In contrast, in patients who had sustained a fracture during a falling accident, no correlation between CTI and overall BMD could be found. However, these data showed relatively low statistical power and may be of risk for a type II error.

In patients with pertrochanteric fractures lower CTI values were found compared to patients without fractures but no significant differences regarding overall BMD. Measurement of the ap CTI and BMD was performed at the contralateral uninjured femur.
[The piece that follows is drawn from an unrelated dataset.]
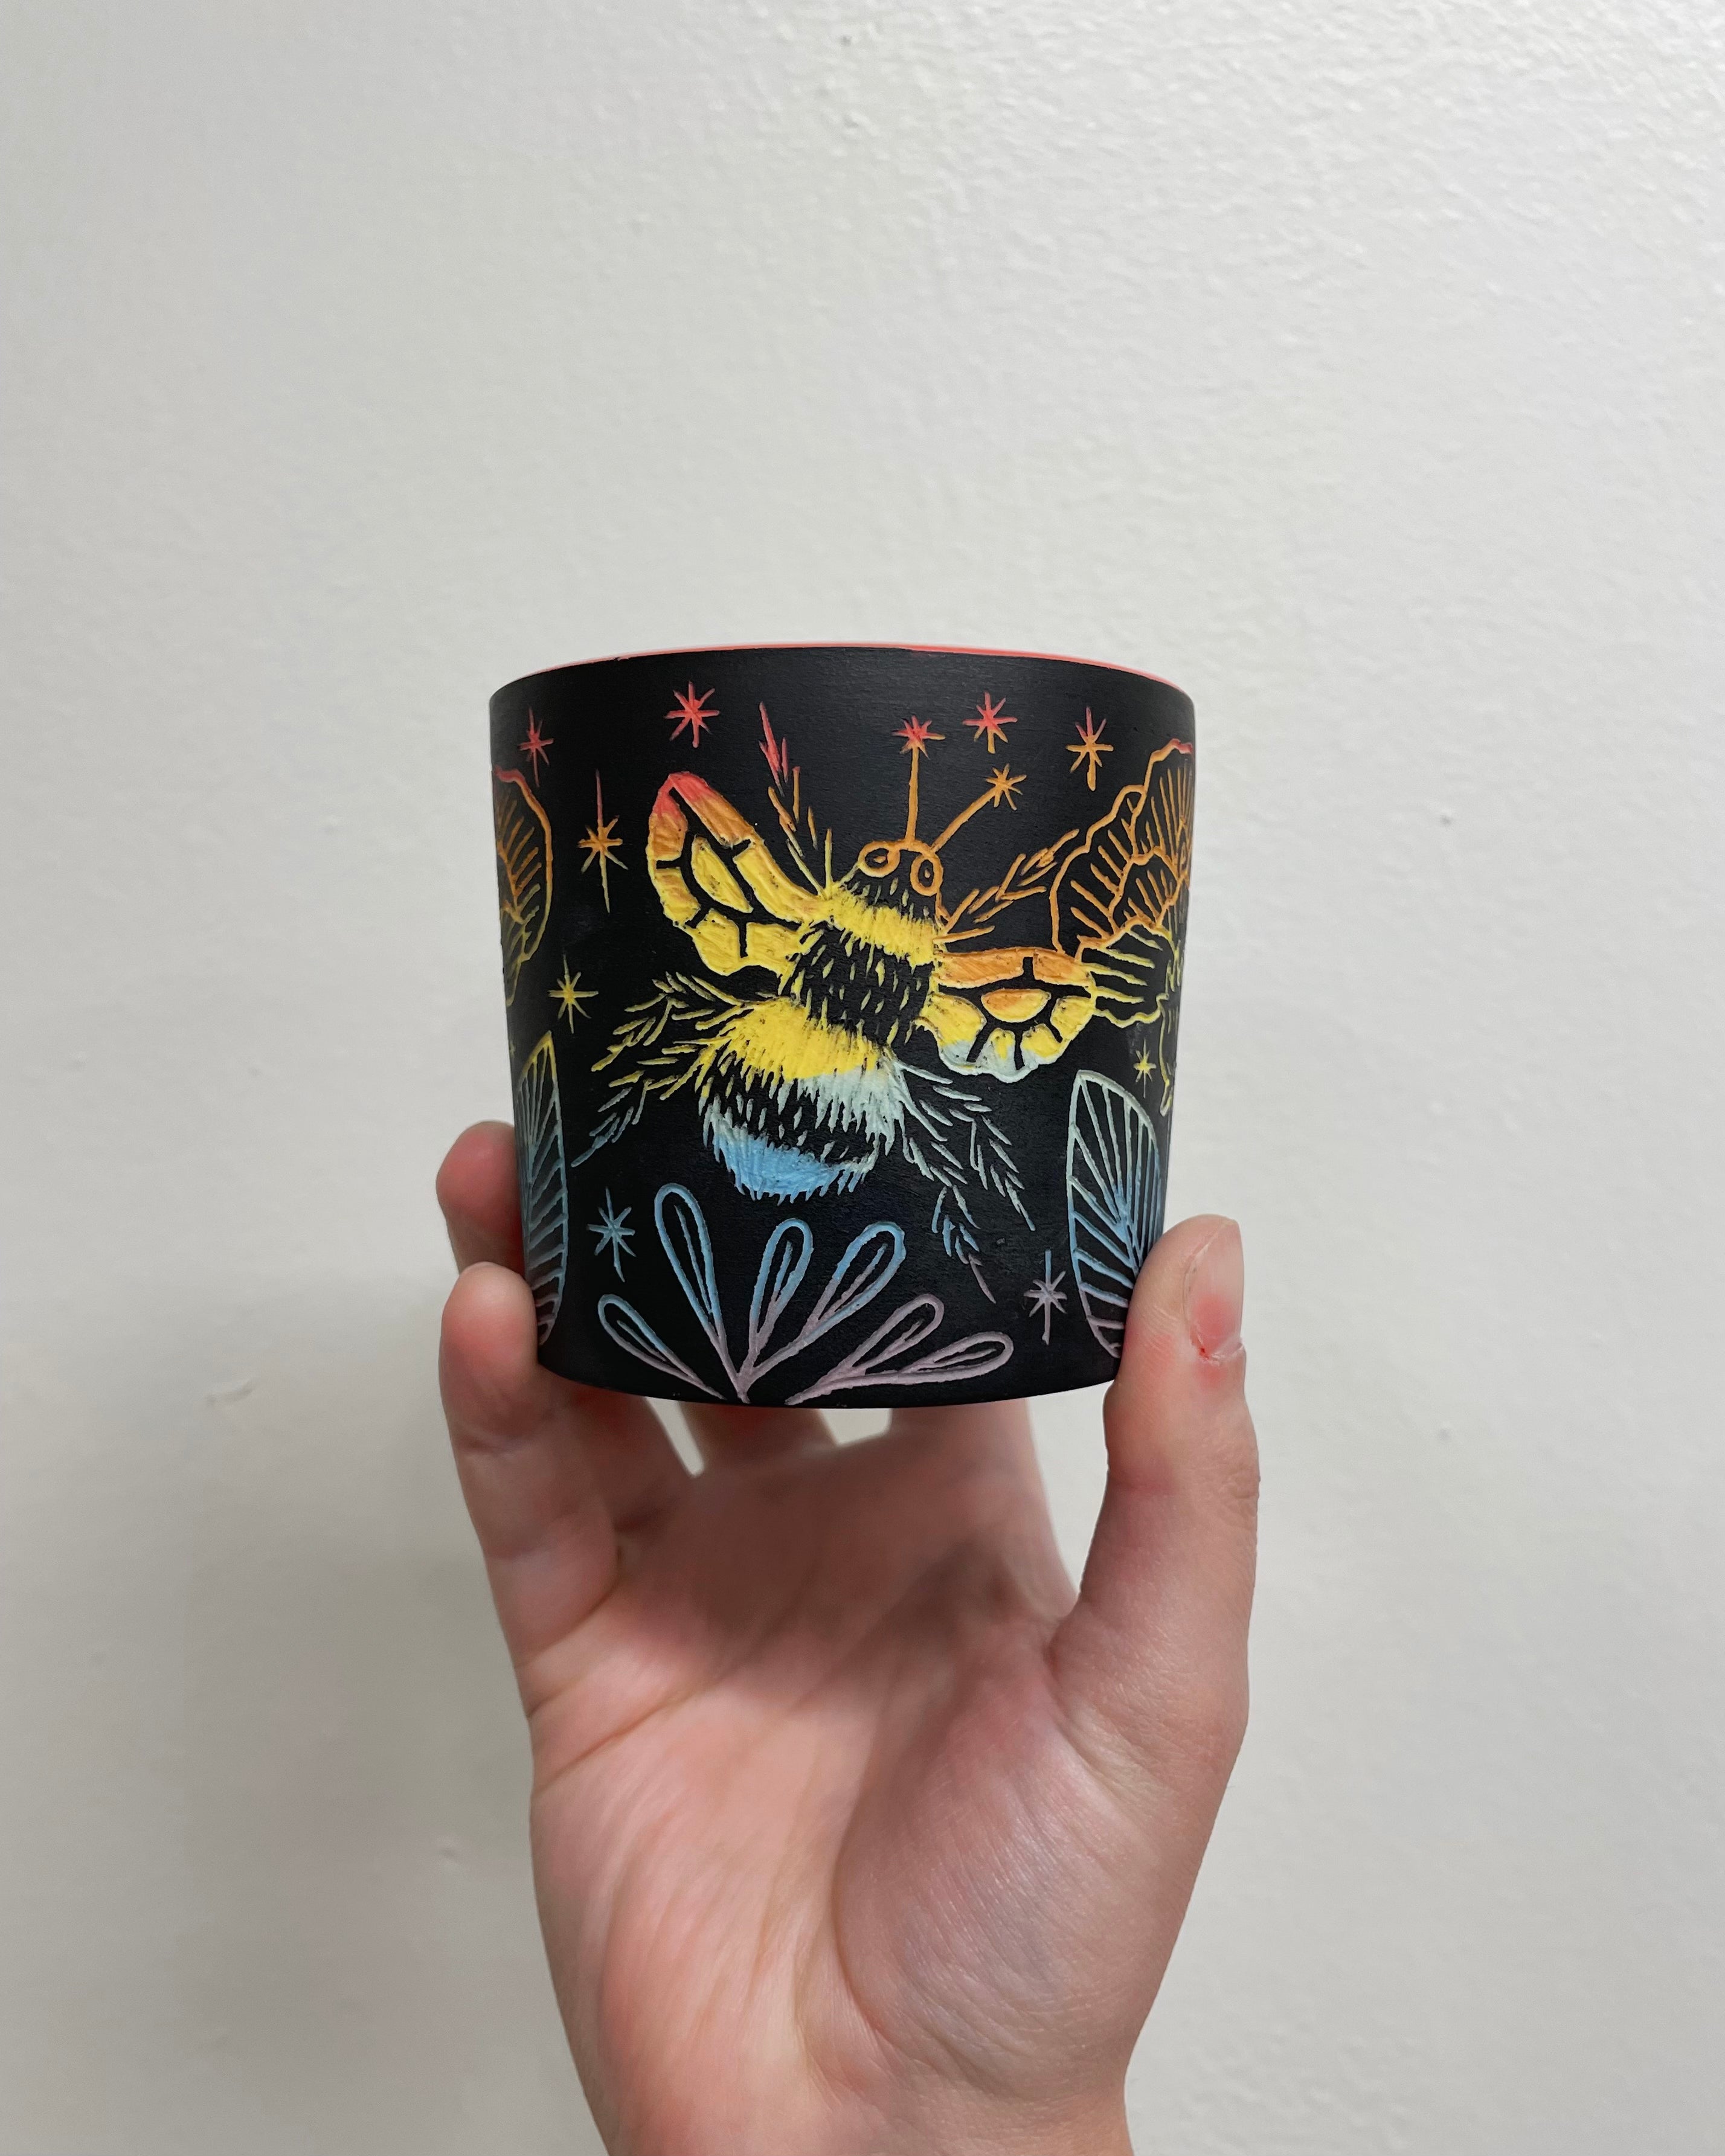 RAINBOW Bees and Flowers Sgraffito Tumbler Porcelain (by Katie Kelly)

Patients with non-symmetric distribution of BMD at both proximal femurs may not have been adequately assessed by this method. However, patients with prior surgery, congenital hip deformities or neurological diseases that could affect non-symmetric loading of both hips were excluded from the study. In addition, recently, Maeda et al. [18] evaluated the bone morphology and BMD of a group of patients with hip fractures in comparison to the uninjured contralateral side. In their study, no differences regarding BMD and bone distribution could be found between both hips. Therefore, we do not think that this theoretical limitation may have a significant impact on our results.

In the presented study, we used DEXA to assess BMD. This method evaluates BMD in terms of an areal density (g/cm2) calculated from the ratio of bone mineral content to projected area of bone tissue and does not give detailed information about the three-dimensional morphology of the bone and the exact distribution of BMD [19, 20]. Therefore, several authors have proposed quantitative computed tomography scanning (qCT) for precise evaluation of the distribution of BMD [1922].

However, qCT was not routinely used in our department at the time when this study was planned and conducted and so it was not included into the study.

In summary, the CTI showed sufficient reliability for the use in daily practice. It showed significant and good correlation with the BMD of the proximal femur in patients who did not sustain a fracture during falling. In patients who sustained a proximal femoral fracture, no correlation between CTI and BMD could be found.

Conclusion

The CTI is a reliable tool for rough assessment of the BMD in patients without hip fractures. In geriatric patients who sustained low impact fractures of the proximal femur, the CTI shows insufficient correlation with the BMD.

Therefore, we do not recommend the CTI as routine parameter to assess the quality of implant anchorage or the need of additional implant augmentation when treating geriatric patients with hip fractures.